• [WHAT TO PRODUCE] Exact reproduction required: the lines below from the line with "母亲节 快乐 送花 女孩 感恩 插画 祝福贺卡 金香玉花朵 植物装饰 卡通女孩" to the line with "Smudge Ink logo", both ends included, and no others.
======== STORED DATA ========
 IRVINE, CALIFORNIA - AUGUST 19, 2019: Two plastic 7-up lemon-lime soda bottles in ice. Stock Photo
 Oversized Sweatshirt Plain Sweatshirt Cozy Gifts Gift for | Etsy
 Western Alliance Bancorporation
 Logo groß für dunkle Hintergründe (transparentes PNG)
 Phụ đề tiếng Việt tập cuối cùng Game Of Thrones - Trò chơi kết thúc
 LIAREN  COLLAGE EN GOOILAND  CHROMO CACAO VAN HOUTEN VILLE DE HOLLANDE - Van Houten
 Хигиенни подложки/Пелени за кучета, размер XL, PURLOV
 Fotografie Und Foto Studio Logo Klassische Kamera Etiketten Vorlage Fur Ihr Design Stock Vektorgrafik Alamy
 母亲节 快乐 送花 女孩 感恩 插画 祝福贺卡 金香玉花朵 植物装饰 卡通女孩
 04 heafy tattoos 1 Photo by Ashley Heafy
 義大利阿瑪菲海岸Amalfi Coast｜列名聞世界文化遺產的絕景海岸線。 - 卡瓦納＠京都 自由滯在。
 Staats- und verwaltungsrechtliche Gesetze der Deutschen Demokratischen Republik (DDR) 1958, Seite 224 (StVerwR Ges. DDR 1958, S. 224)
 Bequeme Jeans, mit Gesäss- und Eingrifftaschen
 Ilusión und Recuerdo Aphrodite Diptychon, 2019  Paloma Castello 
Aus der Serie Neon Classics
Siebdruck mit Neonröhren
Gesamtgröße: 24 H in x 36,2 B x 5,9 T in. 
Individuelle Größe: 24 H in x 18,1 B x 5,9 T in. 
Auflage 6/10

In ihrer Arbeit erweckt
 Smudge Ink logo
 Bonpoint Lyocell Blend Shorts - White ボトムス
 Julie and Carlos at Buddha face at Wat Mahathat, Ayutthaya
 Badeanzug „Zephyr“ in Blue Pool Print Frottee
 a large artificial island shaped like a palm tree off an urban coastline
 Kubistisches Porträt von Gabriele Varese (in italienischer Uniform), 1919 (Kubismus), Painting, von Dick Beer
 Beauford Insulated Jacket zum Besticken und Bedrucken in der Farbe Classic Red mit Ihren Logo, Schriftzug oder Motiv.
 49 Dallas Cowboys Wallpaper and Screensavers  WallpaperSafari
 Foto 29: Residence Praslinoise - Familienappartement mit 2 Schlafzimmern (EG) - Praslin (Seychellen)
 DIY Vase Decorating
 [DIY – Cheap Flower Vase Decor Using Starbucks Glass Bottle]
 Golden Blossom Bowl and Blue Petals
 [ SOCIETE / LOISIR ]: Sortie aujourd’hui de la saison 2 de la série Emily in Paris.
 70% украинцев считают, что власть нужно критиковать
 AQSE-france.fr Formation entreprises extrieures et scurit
========
• [ANSWER FOR THIS EXERCISE]
 母亲节 快乐 送花 女孩 感恩 插画 祝福贺卡 金香玉花朵 植物装饰 卡通女孩
 04 heafy tattoos 1 Photo by Ashley Heafy
 義大利阿瑪菲海岸Amalfi Coast｜列名聞世界文化遺產的絕景海岸線。 - 卡瓦納＠京都 自由滯在。
 Staats- und verwaltungsrechtliche Gesetze der Deutschen Demokratischen Republik (DDR) 1958, Seite 224 (StVerwR Ges. DDR 1958, S. 224)
 Bequeme Jeans, mit Gesäss- und Eingrifftaschen
 Ilusión und Recuerdo Aphrodite Diptychon, 2019  Paloma Castello 
Aus der Serie Neon Classics
Siebdruck mit Neonröhren
Gesamtgröße: 24 H in x 36,2 B x 5,9 T in. 
Individuelle Größe: 24 H in x 18,1 B x 5,9 T in. 
Auflage 6/10

In ihrer Arbeit erweckt
 Smudge Ink logo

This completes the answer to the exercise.